October 2015: TRIBEZA Talk
Austin Architecture
TRIBEZA Talk: An Insider’s Guide to Austin’s Hidden Gems
PUTTING ‘COMMUNITY FIRST!’
A project of Mobile Loaves and Fishes, Community First! Village offers housing and support for the chronically homeless. “It’s really about dignifying a space for someone,” architect Beau Frail says of the project. As one of the organizers of the Tiny Victories design competition, Frail helped collect more than 50 plans for tiny (144-200 square feet) houses to be built at Community First! Village. “We encouraged people to be experimental and to be creative in their approach of designing the micro-home,” he says.
Ultimately six designs, including the elongated Porch With A Home by Page Southerland and the two-story Rooftop Hospitality House by Cody Gatlin of Fazio Architects, were selected for construction. With all of the designers working pro bono, the micro-homes are “a really great reflection of how the architecture and design community is giving back,” Frail says.
The houses are available for public viewing during a homes tour on October 31. For more information, head here.
Community First! home designed by Page Southerland Page | Photography by Jessica Mims
PREPARE FOR A BULLFIGHT
Drawing on his travels in Spain, Chef Shawn Cirkiel wanted to capture that country’s bright colors and rich textures for his new Airport Boulevard restaurant,Bullfight. “The big thing that we really try to convey in the shaping of the design and the graphics was that it’s not just masculine; it is very feminine and beautiful and artistic,” Cirkiel says. Working with FÖDA Studio, a geometric flamenco dancer emblem was created. “The bullfighting mimics the flamenco dancing and a lot of the same movements and the same shapes, they kind of all echo each other,” Cirkiel says. The design ideas carry over into the newly opened space with colorful ceramics from Keith Kreeger and Medieval-inspired lighting fixtures from Warbach Lighting & Design.
Working with architect Michael Hsu, Cirkiel, whose other ventures include Parkside, The Backspace, and Olive & June, says it’s his hope for the architecture, design, and food to work together to invoke Spain’s spirit. “All I do is read history and eat and drink and look at art and magically you end up in Spain,” Cirkiel says.
WORTH BARKING ABOUT
Picture this: a well-kept park where dogs play and exercise while their owners knock back a beer, grab a snack and mingle with fellow canine-lovers.

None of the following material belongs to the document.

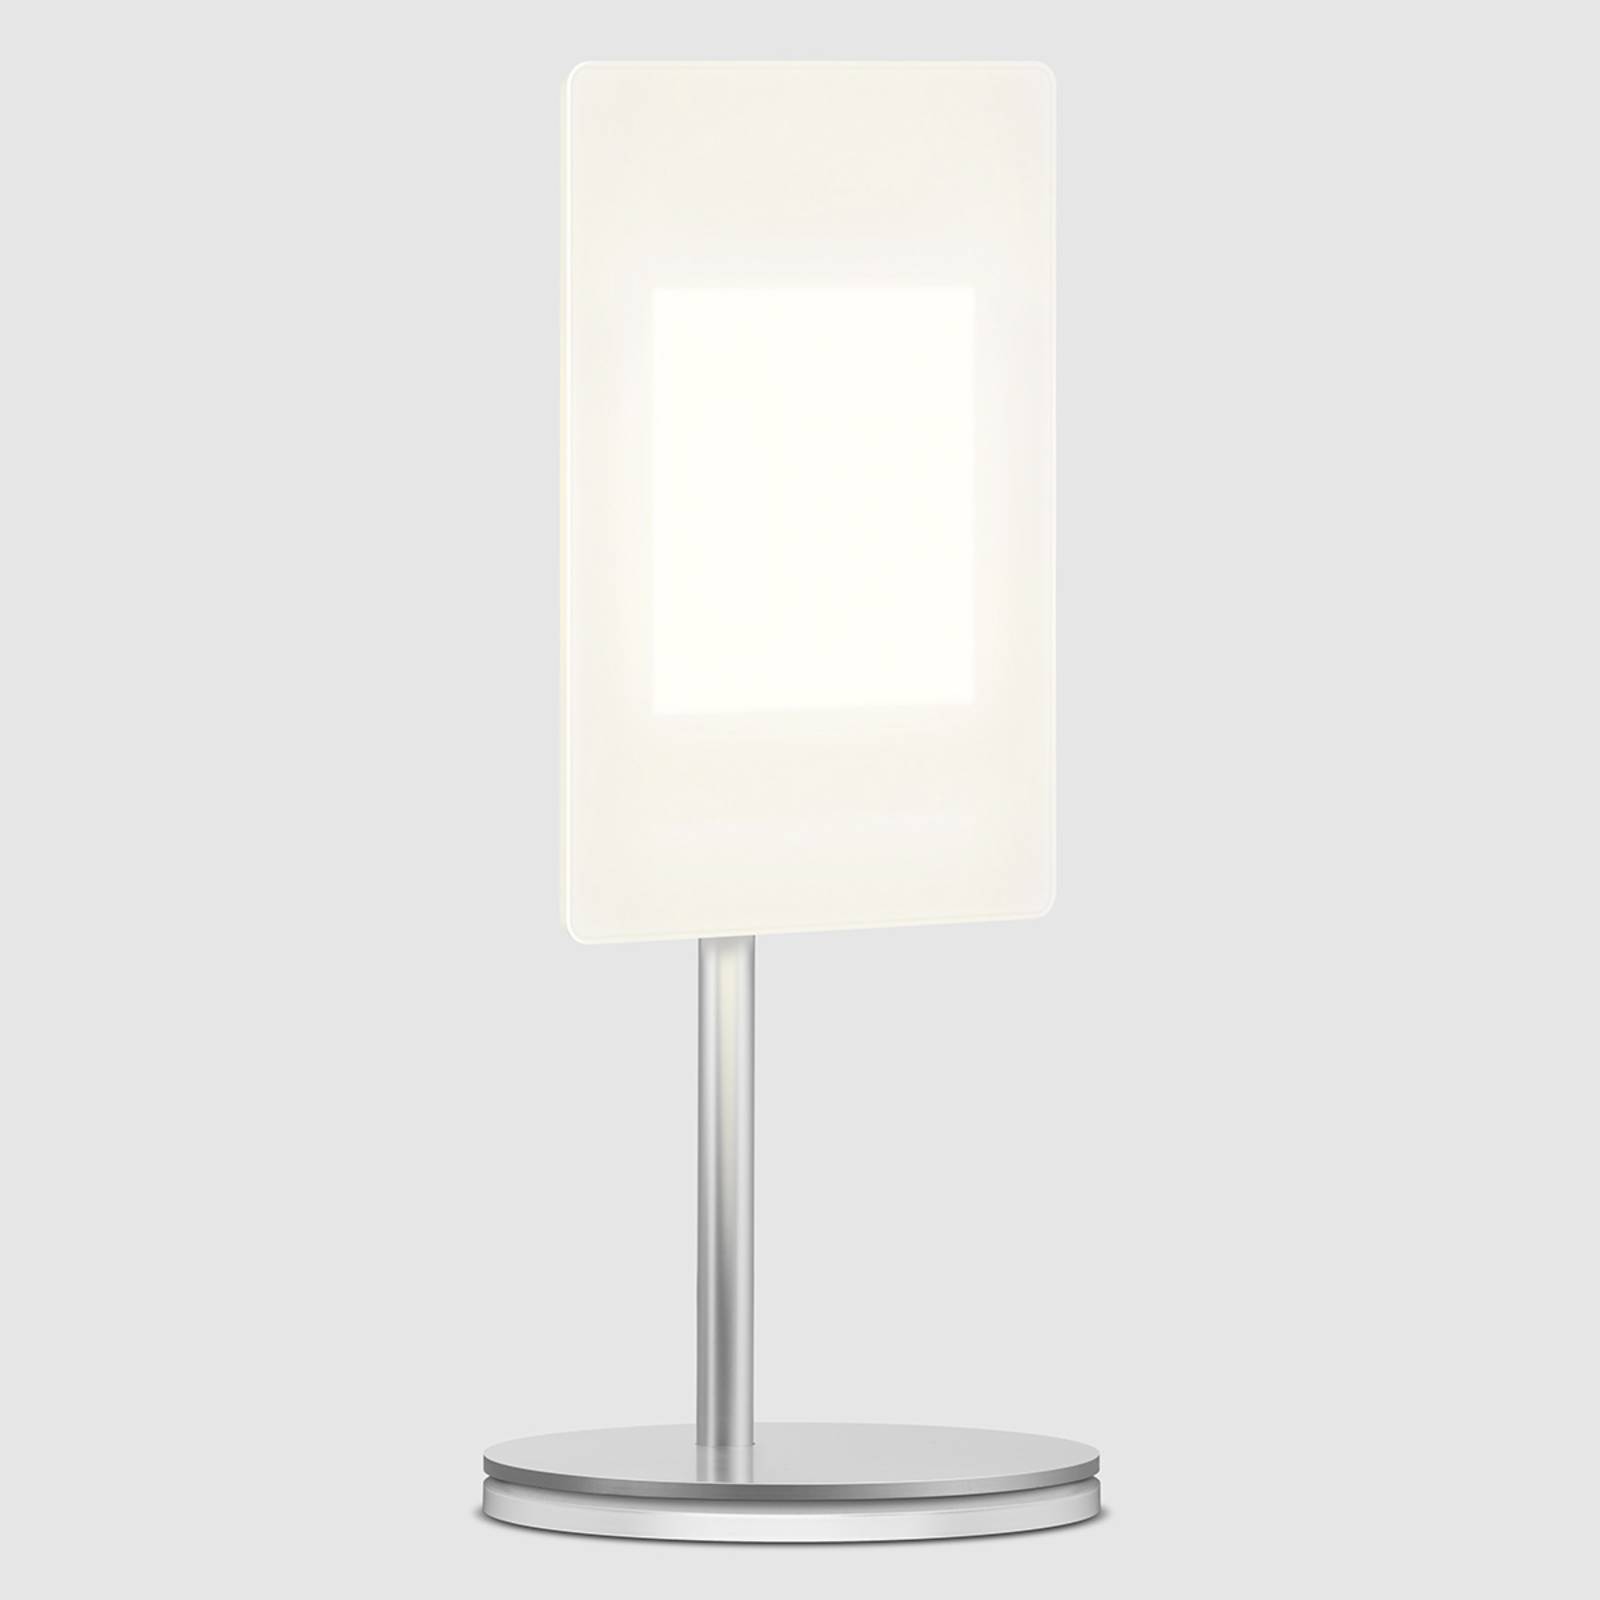 Image of Lampe à poser OLED OMLED One t1 avec OLED, blanc 4260744970182

This was Kristen Heaney’s vision for Yard Bar, a 30,000-square-foot dog park and dining space on Burnet Road.
Opened in August, the space is housed in a former Putt-Putt facility, repurposing some of the mini-golf course’s features, including the large concrete platforms from the 18th hole, and the 12-foot tall light poles.
“I love the way the space feels warm and communal,” Heaney says. Drawing on her experience in the restaurant industry, and as a project manager and designer with Andersson-Wise Architects and Michael Hsu Office of Architecture, Heaney wanted to create a space for shared community. “People meet in the dog park and they come over and end up joining each other at tables for dinner and that’s all really fun,” Heaney says.
FEAR FACTORY
What are you most afraid of? The dark? Small spaces? Spiders? This year’s Scare For a Cure “Dread Asylum” promises to put all your fears under one roof. With a sci-fi tinged story featuring the criminally insane, you’ll wind through some 30 rooms while attempting to keep your sanity intact. Volunteers spend two months constructing the 120,000 square foot space in Manor, Texas, which 125 actors and crew members fill with outrageous characters and special effects. Now in its ninth year, proceeds from the $40 tickets benefit the Breast Cancer Resource Centers of Texas. Opens October 2 and runs through Halloween.
ARCHITEXT
When was the last time you sent a text message to a tree — and it responded? This spring more than 21,000 text messages were sent to mail boxes, parking meters, fire hydrants and other inanimate objects as part of Hello Lamp Post, an interactive city-wide art and technology project. A collaboration between the City of Austin, Art Alliance Austin, and London’s PAN Studio, the project is now a finalist in the SXSW Eco Place By Design awards, happening October 5-7.
One of the project’s drivers, Art in Public Places’ Carrie Brown, shares some suggestions for how to engage with Austin’s architecture:
1. “Get out on foot. Walk around and take a little bit of time to see things outside of the car or off of your bicycle and really get to experience them in the space in which they exist.”
2. “Investigate your neighborhood, your area, or even a new part of town that you’re not familiar with.”
3. “Austin’s Atlas. It’s an artist-designed platform that allows you to engage with the city and find really unique things that maybe you would pass right by if you were just on your way to work or lunch.”